Sebenarnya apa yang mereka lakukan? Apa yang terjadi?
Mudah saja. Rua sekadar memberanikan diri untuk mengakui bahwa ia tadi sempat melihat gambar dua pemuda saling "berpelukan" di layar telepon genggam Kurohoshi dan bertanya apa Kurohoshi menyukai "benda-benda" seperti itu.
Di luar dugaan. Bukannya dijawab, Rua malah ditanyai apa dirinya mau coba melihat koleksi Kurohoshi dengan mata berbinar dari Si Penanya. Tidak sengaja mengiyakan karena masih dilanda rasa kaget, pemuda bersurai rumput itu diajak ke kamar Kurohoshi—yang biasanya hanya bisa dimasuki Yuusei, Bruno, dan Ruka—dan disuruh pilih satu di antara dua koleksi "laknat" Kurohoshi.
Sepertinya dapat dipastikan kalau Kurohoshi betul-betul fujoshi—tingkat akut.
Tutup kotak merah besar terbuka, menunjukkan jejeran buku. Dengan antusias, Kurohoshi mengeluarkan buku-buku itu satu per satu.
"Nah, nah. Ini semua kapalku. Yang setumpuk ini dariHarume Koibito-chou …. Yang setumpuk ini dari Kageko no Karate …. Yang ini dari 03-Specter …. Yang ini dari Ashita kara Akuma …. Terus, yang ini dari Saikou Hitomebore—eh! Jangan dibuat lecek, ya!"
Rua tertawa kering. Untuk memegang salah satu saja masih berpikir 100 kali dulu, bagaimana membuat lecek?
Kurohoshi menutup kotak merah di hadapannya, kemudian menyingkirkannya ke samping. Senyum antusias merekah di wajahnya.
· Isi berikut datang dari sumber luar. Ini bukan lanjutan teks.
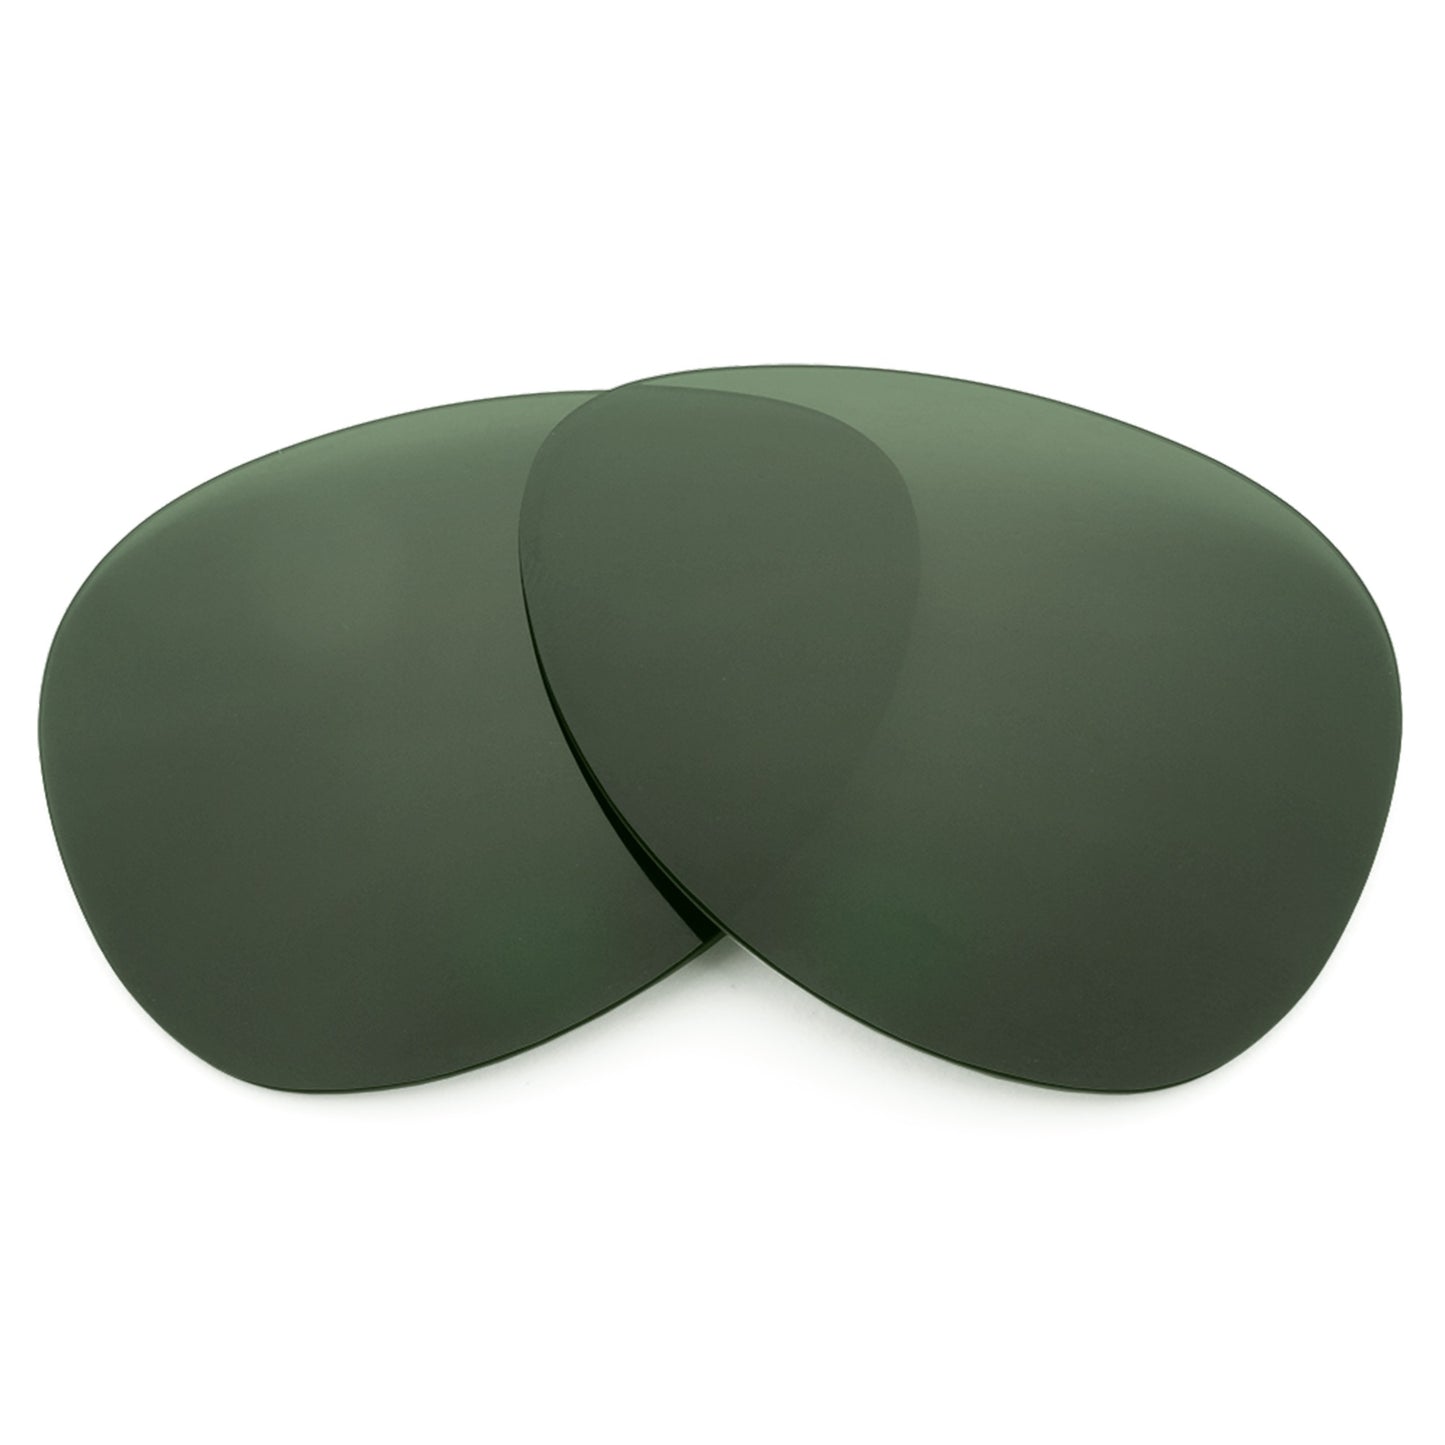 Revant replacement lenses for Ray-Ban Aviator Junior Remix RJ9506S 50mm Non-Polarized Gray Green
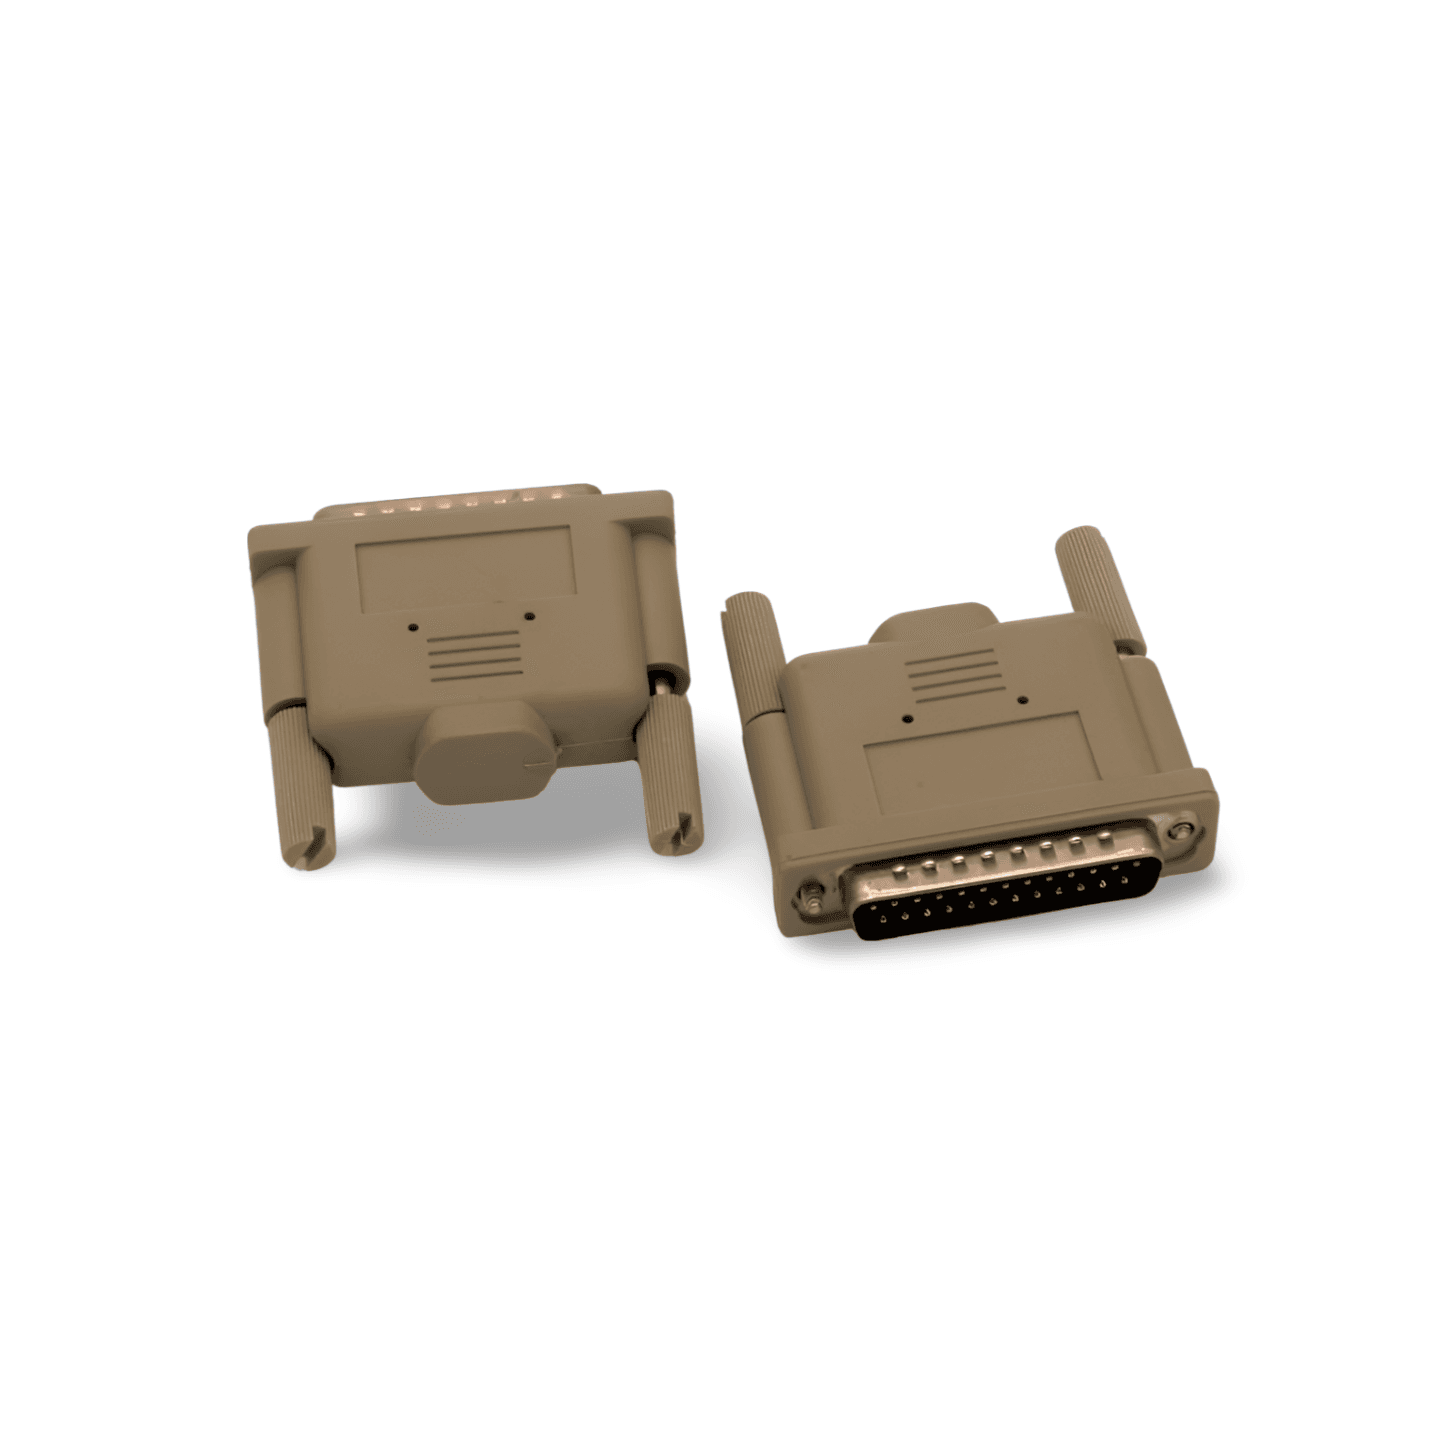 1in Parallel Loopback Tester Adapter Plug DB25 Male beige

"Nah, ayo, baca! Bacaaa! Baca satu!"
… Rua merasa dirinya sedang dihukum atas kebodohannya bertanya soal ke-fujoshi-an seorang wanita sebelum ini …. Ingatkan Rua untuk tidak pernah lagi ikut campur dalam urusan tingkat ke-fujoshi-an seseorang …. Atau mungkin, ini sebenarnya berkah? Karena, tidak biasanya Kurohoshi sudi menatapnya lama seperti saat itu.
"Tunggu apa lagi? Cuma coba baca satu juga tidak apa-apa, kok!"
Rua menelan ludahnya. Merasa tidak kuat dipandangi terus, ia pun mencoba mengulurkan tangannya ke tumpukan buku di hadapannya, menelaahnya satu-satu untuk dipilih.
"Ingat! Jangan lecek!"
Rua menghela napas lelah. Ia heran. Bagaimana seorang gadis yang tadinya seakan menganggapnya debu sekarang malah antusias mengajaknya bicara terus? Apa saat Ruka juga baru tahu soal hobi Kurohoshi, gadis itu juga dibeginikan?
… Kekuatan hobi memang super ….
Rua terus melihat sampul satu buku demi satu buku. Setekah melihat sebagian besar sampul, Rua paham satu hal. Hampir semua sampul doujinshi milik Kurohoshi ada lelaki berwajah manis, imut, atau cantik.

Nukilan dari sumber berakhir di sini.